The case study of the Women of Liberia Mass Action of Peace demonstrates a number of affinities with hypotheses for successful leadership in contemporary management theory, such as those outlined by Gundling, Hogan and Cvitkovich. (2011) Clearly, the presence of a strong individual leader, such as Gbowee, was necessary to the success of the movement. But what can be learned from the case study is precisely the dimensions which Gbowee stressed in the formation of this organization. According to the precise context of the conflict that Gbowee’s leadership was to tackle, arguably most crucial to the movement’s success was that it employed “intercultural perspectives on leadership.” (Gundling, Hogan & Cvitkovich, 2011) Gundling, Hogan & Cvitkovich (2011, 4) stress that in an increasingly globalized world, where intercultural interactions are the norm instead of the exception, that the successful leader must take into account cultural differences. Within the context of the civil war in Liberia, such an emphasis on intercultural perspectives was absolutely necessary to the success of the movement. If Gbowee had only emphasized one side of the conflict, either the Christian or the Islamic, the movement would obviously have only repeated the terms of the initial conflict. The entire success of Gbowee stemmed from the inclusion of both Muslim and Christian women so as to demonstrate a powerful protest from all sides involved in the war against the war itself.
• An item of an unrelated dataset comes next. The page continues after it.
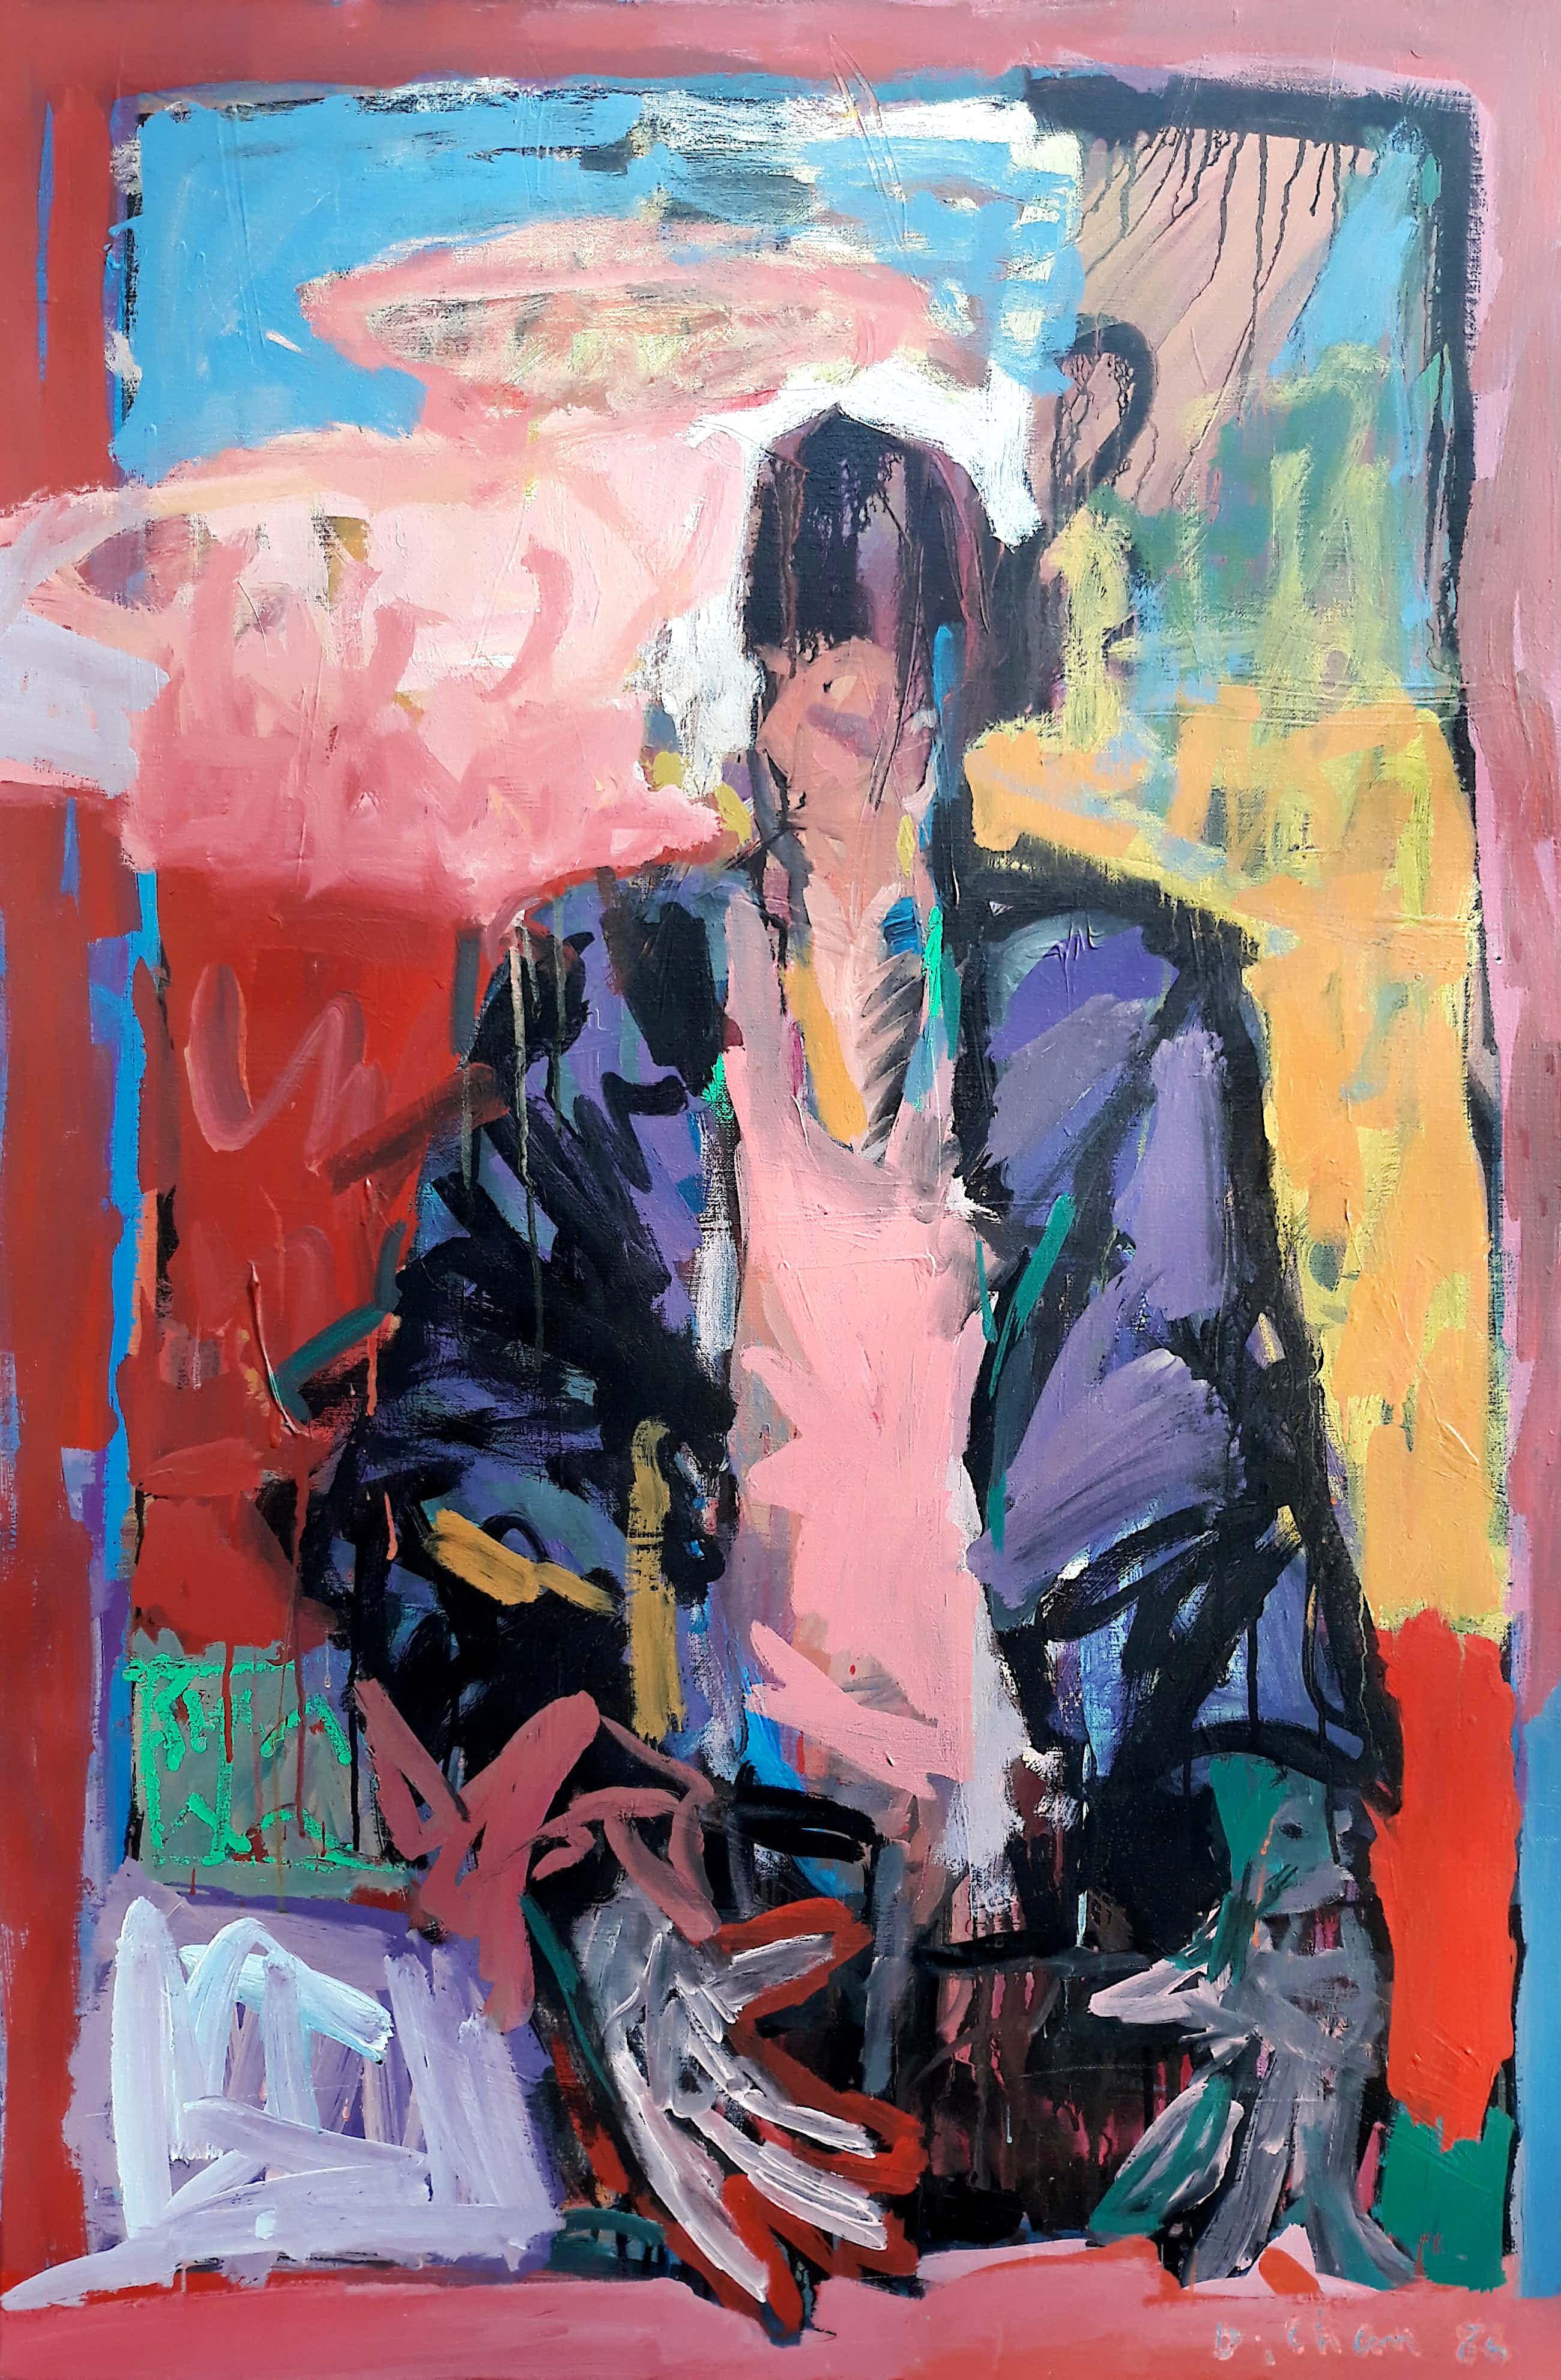 Dominique Chan - Figuur in kleurrijk landschap, olieverf op doek (netjes ingelijst, groot) kopen? Bied vanaf 300!

In other words, the accomplishments of Women of Liberia Mass Action for Peace can also be understood through the concept of “closing the gap”, or “results through relationships” and “frame-shifting.” (Gundling, Hogan & Cvitkovich) The entire strategy of the movement was, in effect, to “close the gap” and allow another voice to be heard in the civil war. On the one hand, the success of the movement can be seen clearly as the derivative of “results through relationships.” Once again, if the movement had not united both Christian and Muslim women, then it would only have repeated the religious divide that was the basis of the Liberian civil war. The entire results obtained by the movement came from the relationship between Christian and Muslim which was its very foundation. Yet another key leadership strategy employed was that of “frame-shifting.” The civil war essentially continued because it was understood, by its participants as well, as a war between two sides, a narrative of Christian against Muslim.
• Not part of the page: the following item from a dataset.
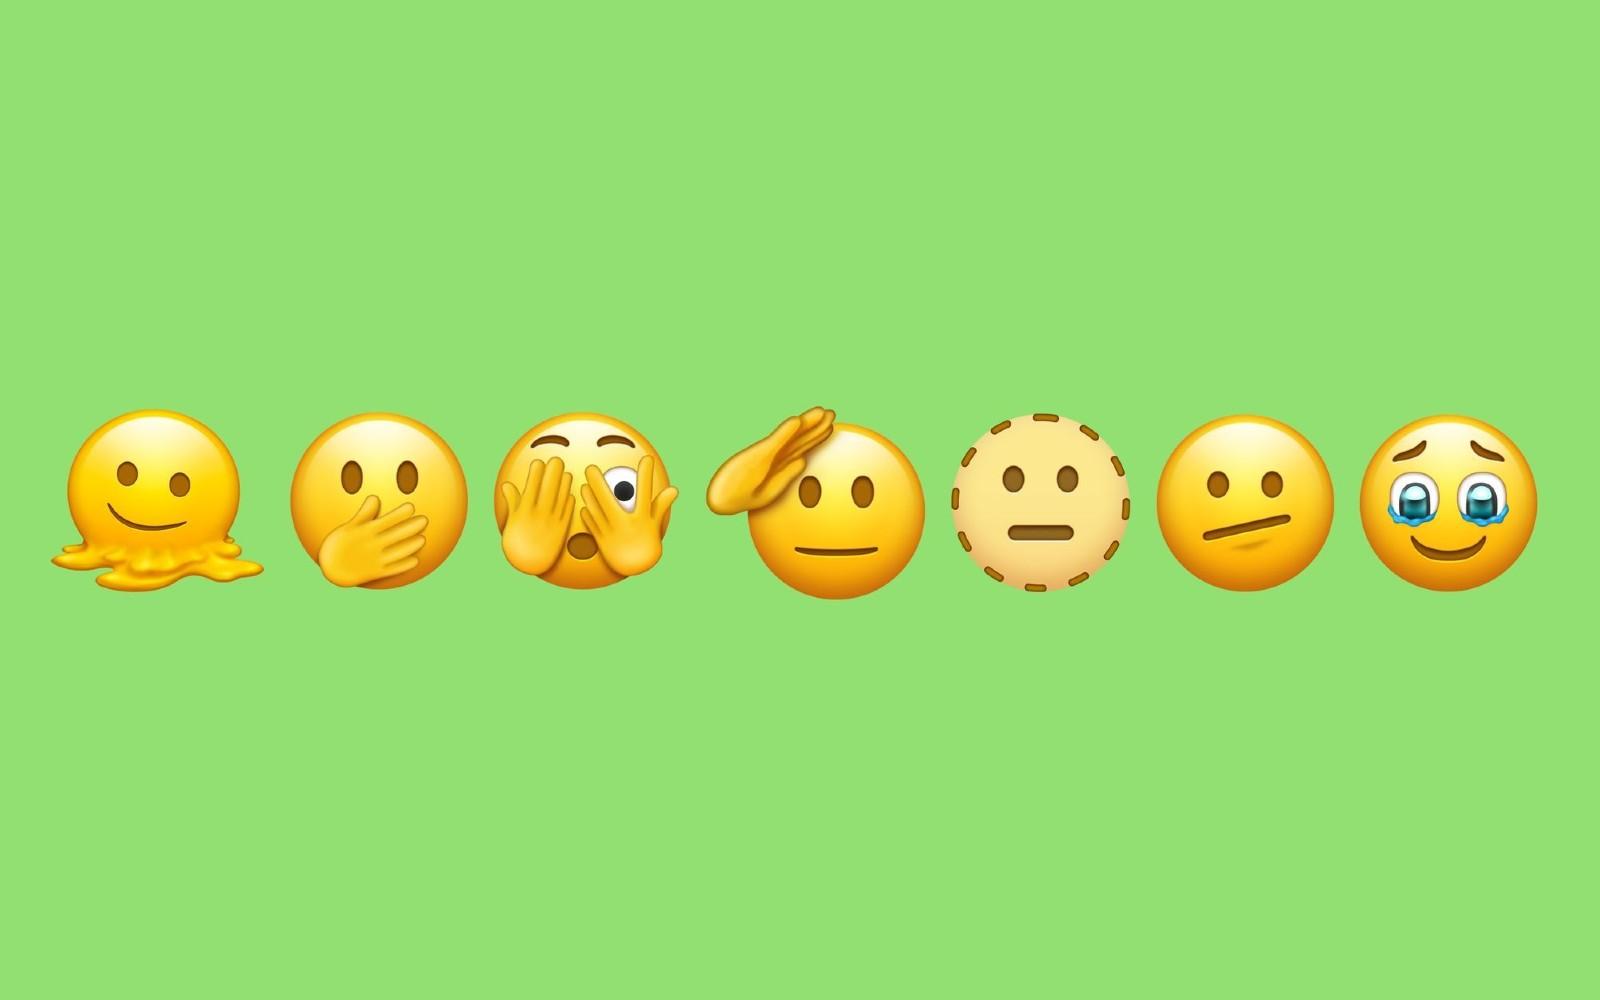 emoji 14.0 candidate

So long as this narrative remained in place, the civil war continued. What the movement accomplished was precisely to shift the narrative frame. If the war had understood itself to be a war of Christian against Muslim, Gbowee’s group now created a new narrative, whereby both Christians and Muslims now wanted to the war to end. Essentially, in the civil war, there had been two sides: Christian and Muslim. What Gbowee did was shift the frame, so that there was now a third side present, which wanted the war to end, and included both Christians and Muslims. The frame was shifted, in so far as the previous way of understanding and living within the conflict was no longer applicable, because the movement managed to “close the gap” between the two sides, thereby creating a third position that showed that the narrative frame of the conflict was not applicable to all Liberians. The Women of Liberia Mass Action for Peace is a brilliant example of global leadership concepts being employed so as to effect radical and significant change.